- **Exercise**
Leaving all pictures out, output exactly and only the line containing "French Connection - Cosette" and the lines that follow it to the end of the material below.

- **Supplied material**
* * * * * * * * *

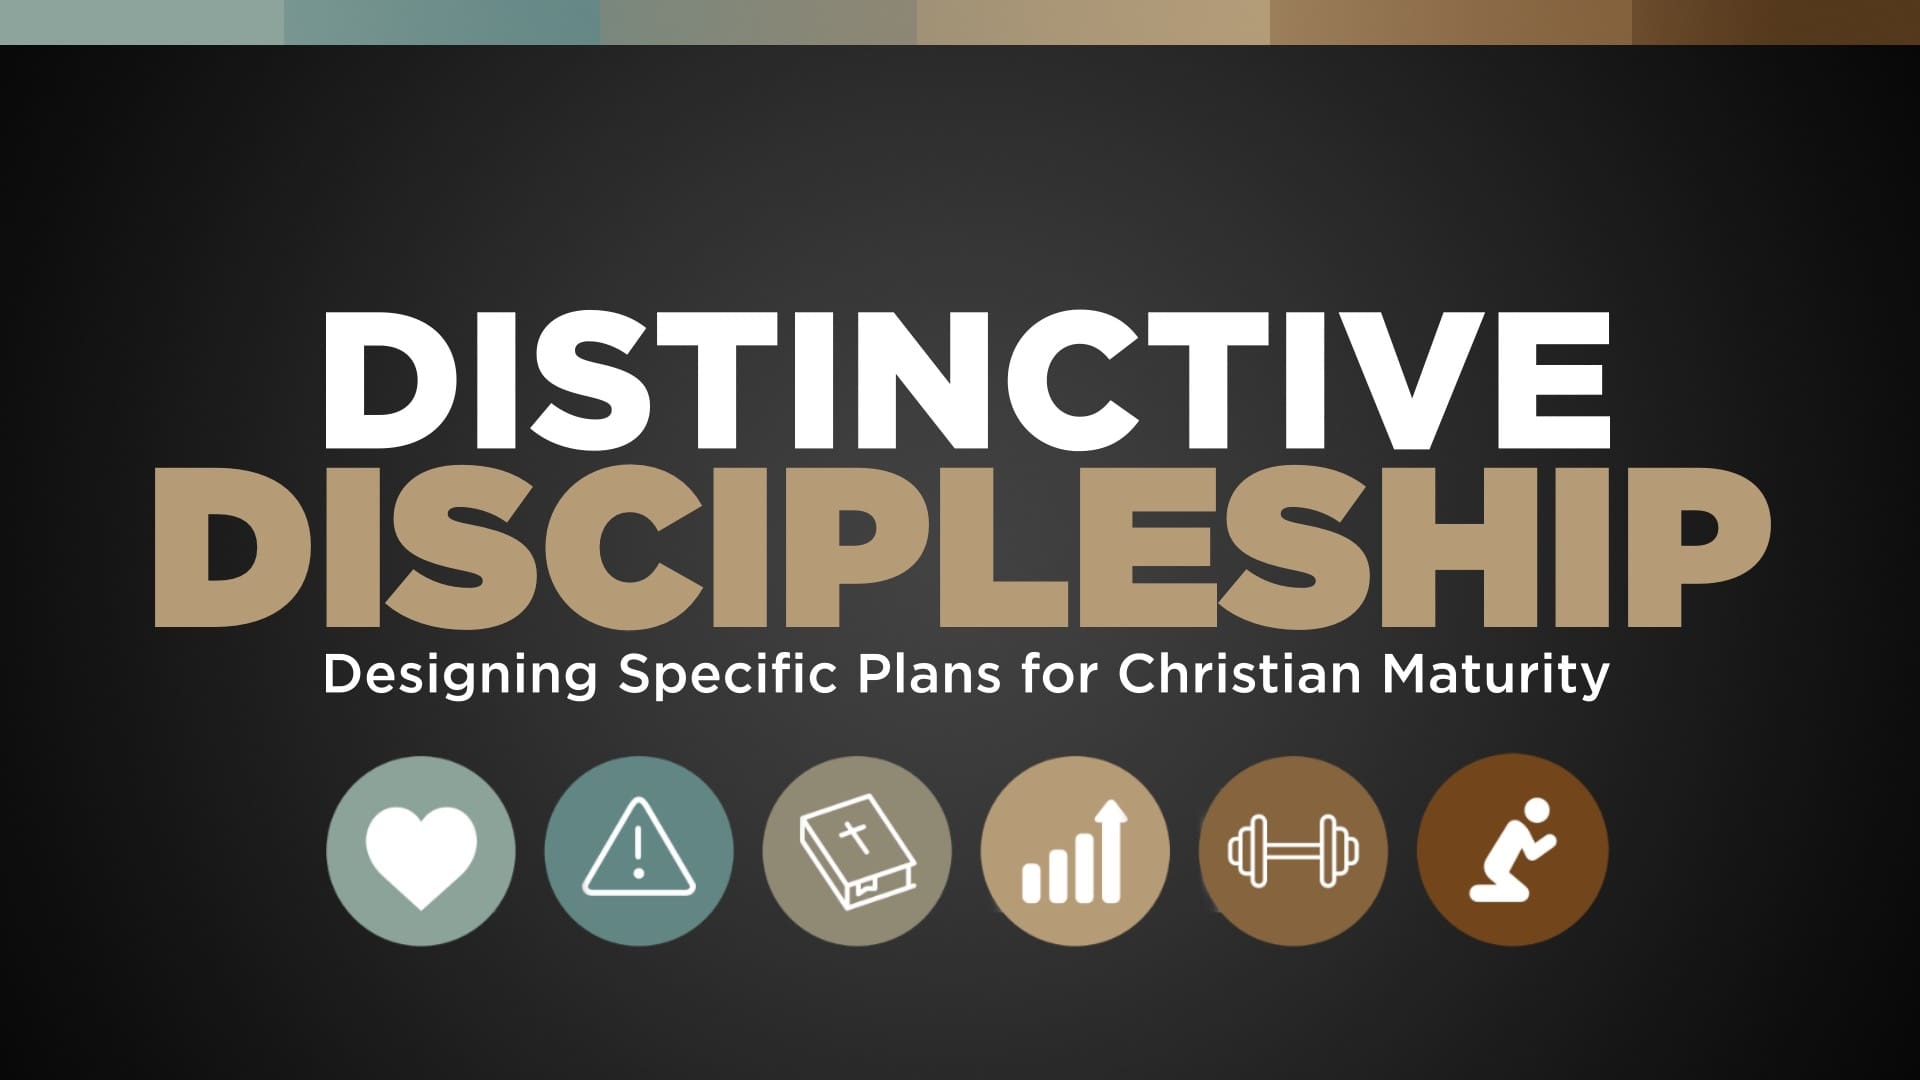 Category Examples for Distinctive Discipleship Plans
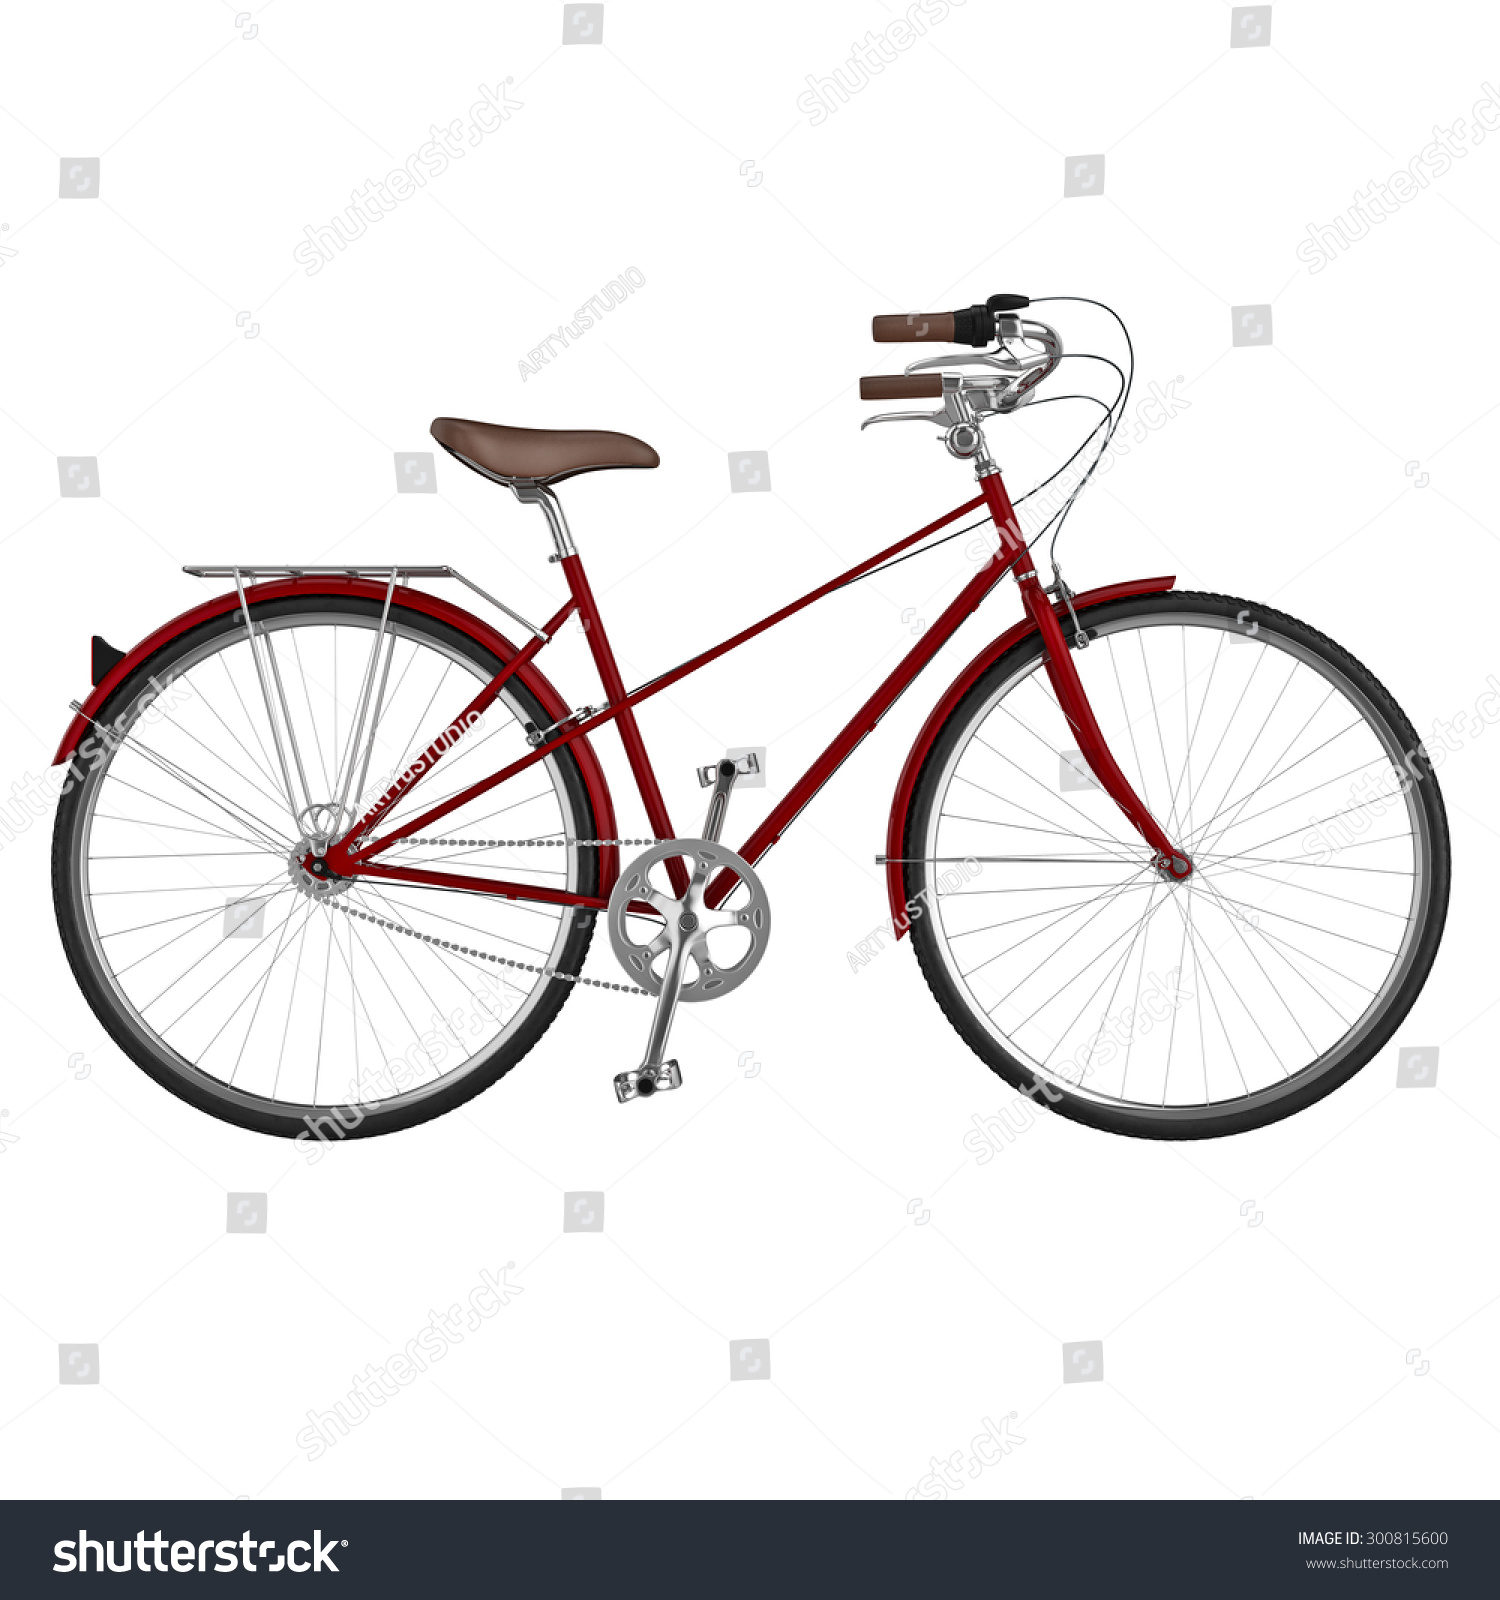 stock photo side view of classic bicycle with chrome detail some of the elements d graphic object on white 300815600
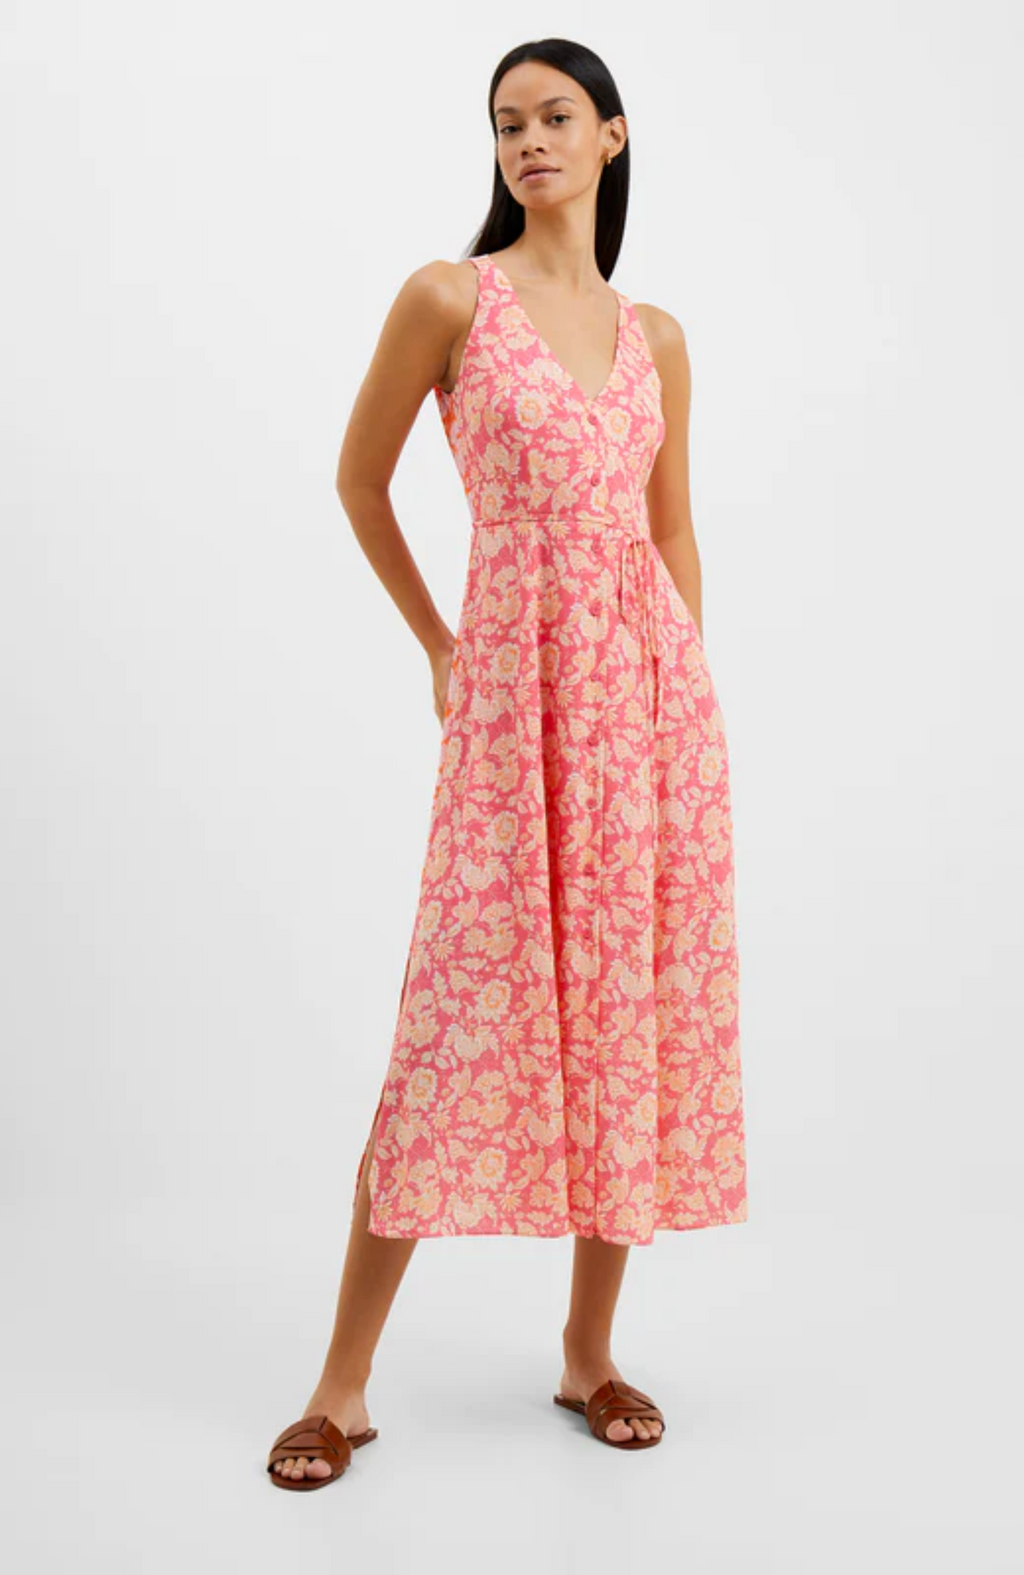 French Connection - Cosette Verona Crepe Dress
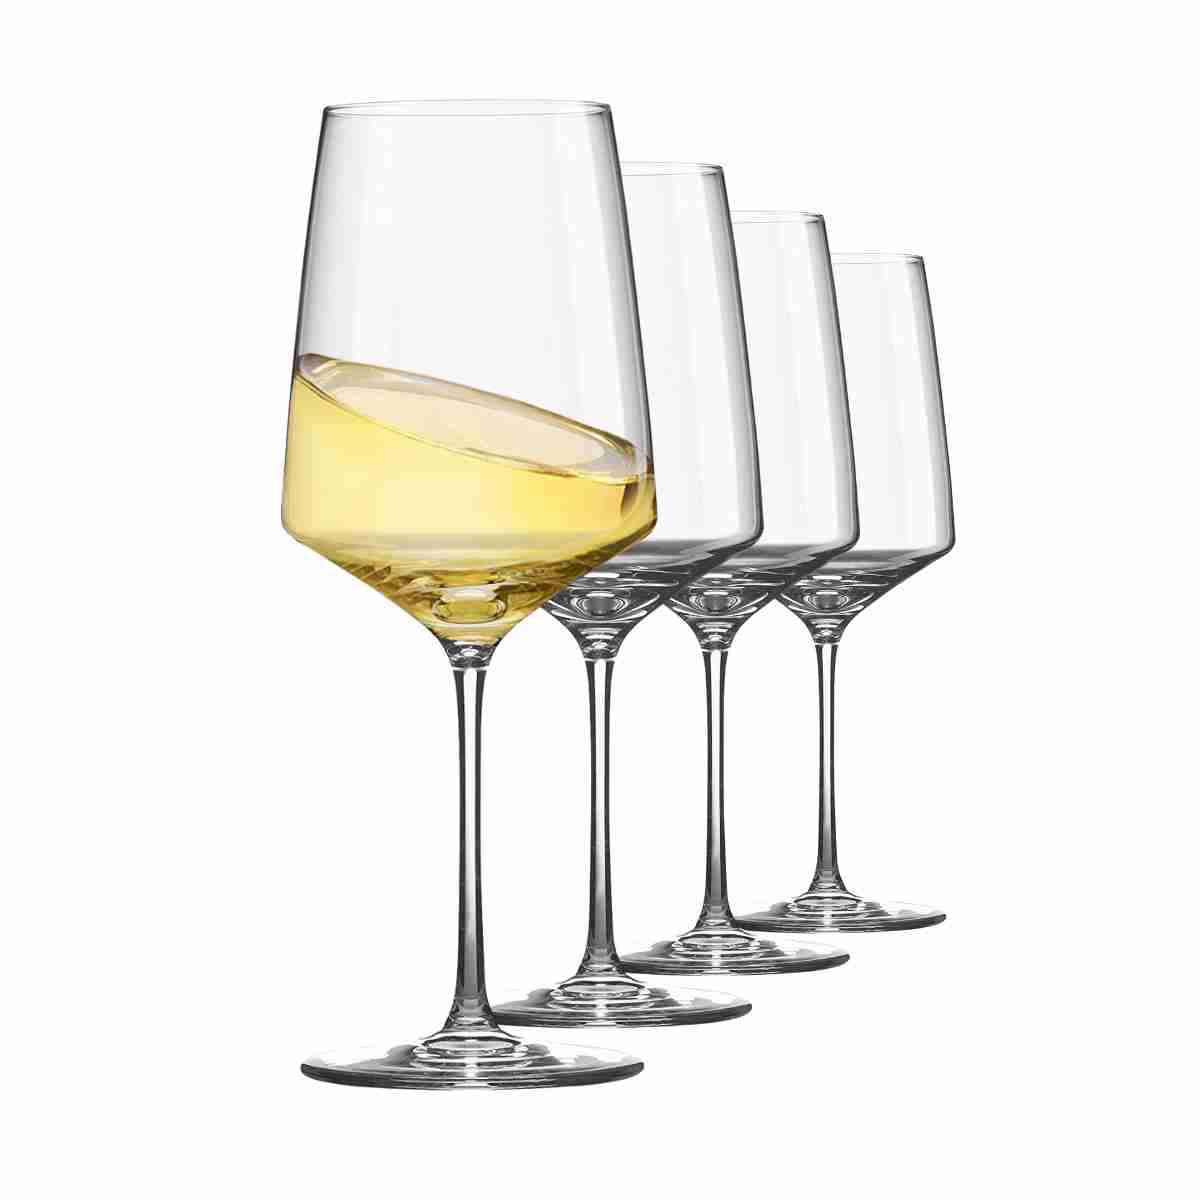 white-wine-glasses-set-of-4 with cash back rebate
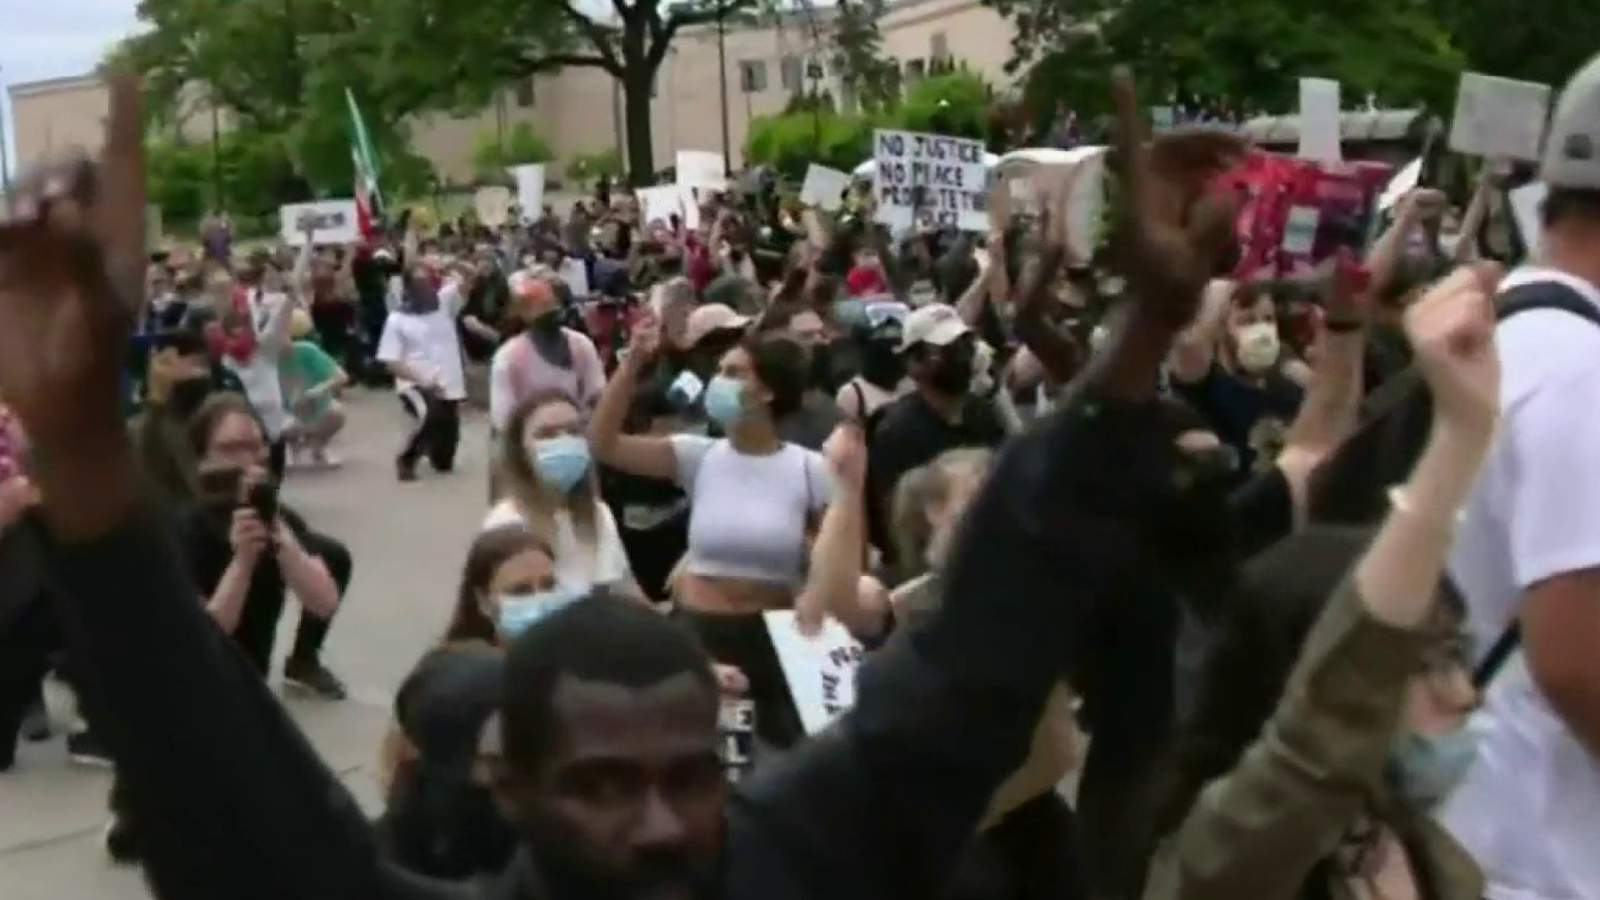 22-year-old woman diffuses tension, chaos during Detroit protests

* * * * * * * * *

- **Response**
 French Connection - Cosette Verona Crepe Dress
 white-wine-glasses-set-of-4 with cash back rebate
 22-year-old woman diffuses tension, chaos during Detroit protests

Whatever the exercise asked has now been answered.